Most nights, right after dinner, she would settle on the living-room couch with a couple of us kids and read "Winnie the Pooh" or "The Wind in the Willows." I remember thinking how important reading must be. After all, Mom would put off doing the dinner dishes so she could spend that time with us. Not much came between my mother and her household chores.

Today I stopped by a local library and felt again that pull a good book has on a day when it's just too cold to spend much time outdoors. As I browsed through the stacks, I got to thinking of the grandchild who, at age 3, is already adept in the use of an iPad. I've watched him poking the screen with his little fingers, sliding them back and forth until he finds what he's looking for. I wonder what sort of gadgets he'll learn to use by the time he's my age.

I heard this grandchild's dad reading to him a few days ago. It made me smile. I hope this little guy, this child of the digital age, will come to treasure those moments as he sits beside his dad on a couch in the den and listens to stories -- stories told with paper and ink in the voice of a father who loves him so much.

Wednesday, February 11, 2015

Before the storm

Another snowstorm is headed our way. I'd tell you how many we've had this winter, but I've lost count. (No doubt the Weather Channel will give this storm a name, too.)

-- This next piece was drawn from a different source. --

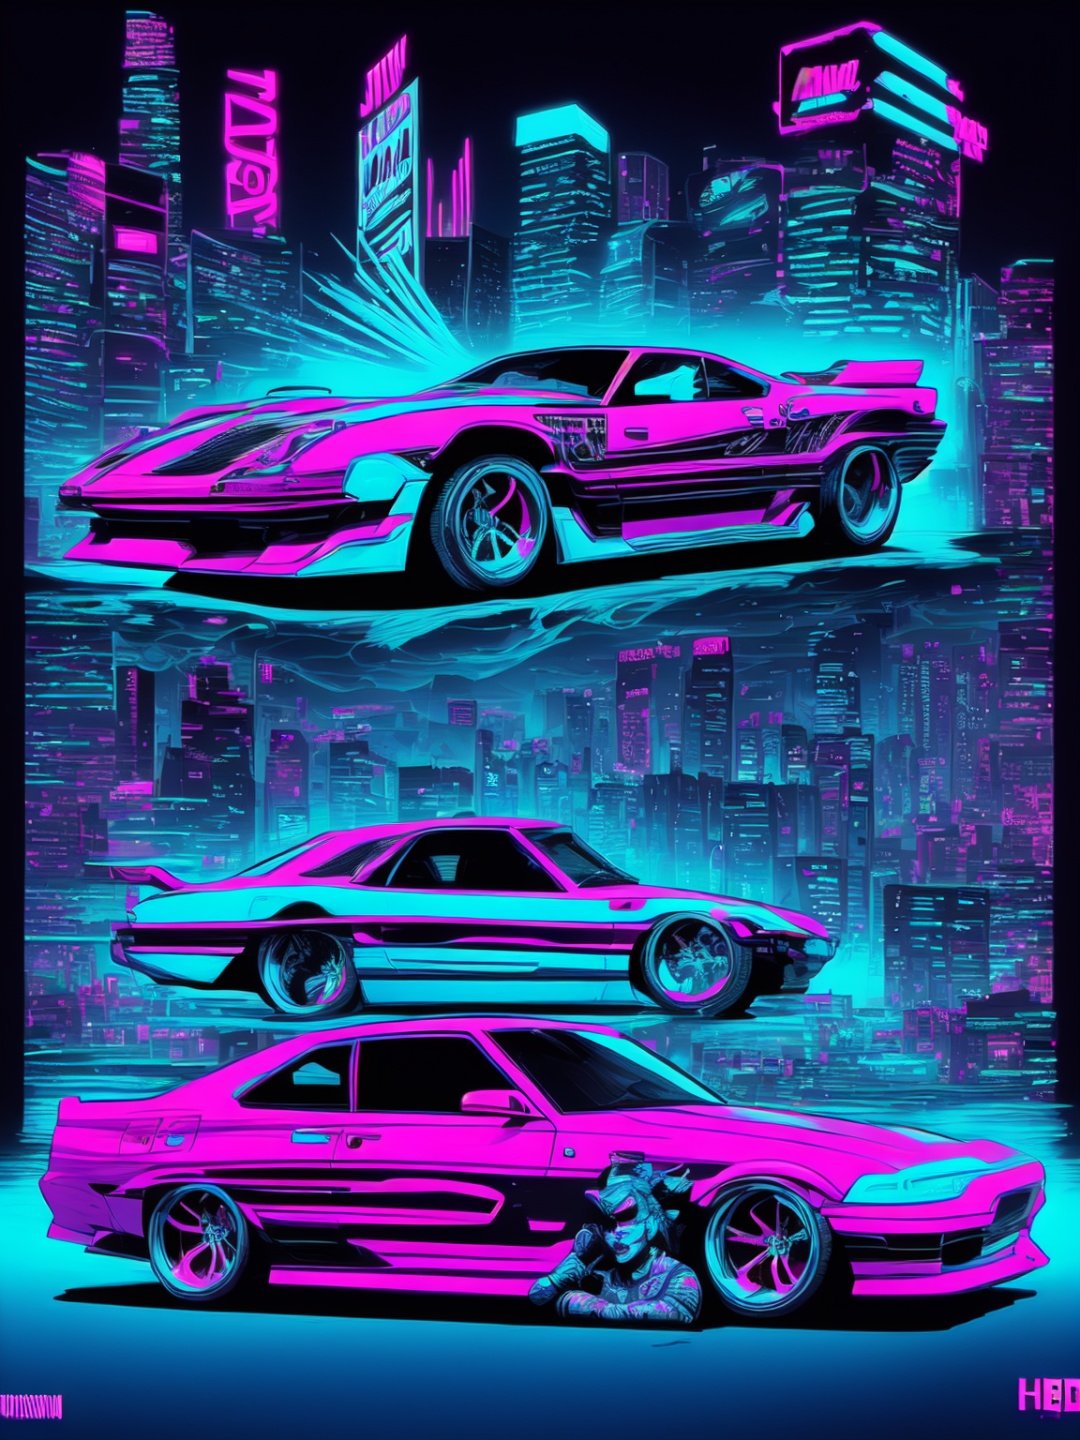 synthwave design neon colors, comic book style illustration, hard line art, precise details, extremely detailed,Car,Women

But right now, curled up in a comfortable chair in a room that really could use a good dusting, I'm thanking the weather gods for the blue sky and bright sunlight reflecting off the icicles hanging outside the window. Summer skies may be blue, but this blue, the blue of a winter sky, is deeper -- like some cosmic reward for those who've endured months of cold and snow.

Life is just one storm after another, with occasional breaks of sun and blue sky to remind us how good it feels to be alive. So instead of naming the storms, maybe we should name days like this one -- and let the storms pass, nameless, into the dust of all that came before this beautiful, blue-sky moment.

Monday, February 9, 2015

Back in touch

It's nearly five years since I posted to this blog. I'm more than a little embarrassed about that, especially since I require the students in some of my college-level journalism classes to create and maintain blogs. ("Do as I say, not as I do" ...)

The past five years saw the grandchild we were raising returned to his parent's care. These years also saw the arrival of two more grandchildren. I was present at both of their births. Remarkable.

These years saw the passing of one of my four big brothers, but my mom turned 102 last summer and is in reasonably good health.

I've spent a semester teaching in London since I last posted my thoughts here, and that experience -- in 2014 -- enriched my life in ways I'm still discovering. More about that another time.

What finally moved me to pick up where I left off with this blog is something said by an old friend I hadn't heard from in awhile -- namely, that she missed reading my newspaper column. I'd heard it a few times before, sometimes from people I didn't even know, but this time it really struck a chord. I realized I miss writing that column.

Still, at this stage of my life, I prefer to write on my own schedule. I've had enough of deadlines.

So here we go again ... getting back in touch and hoping life has been kind to you.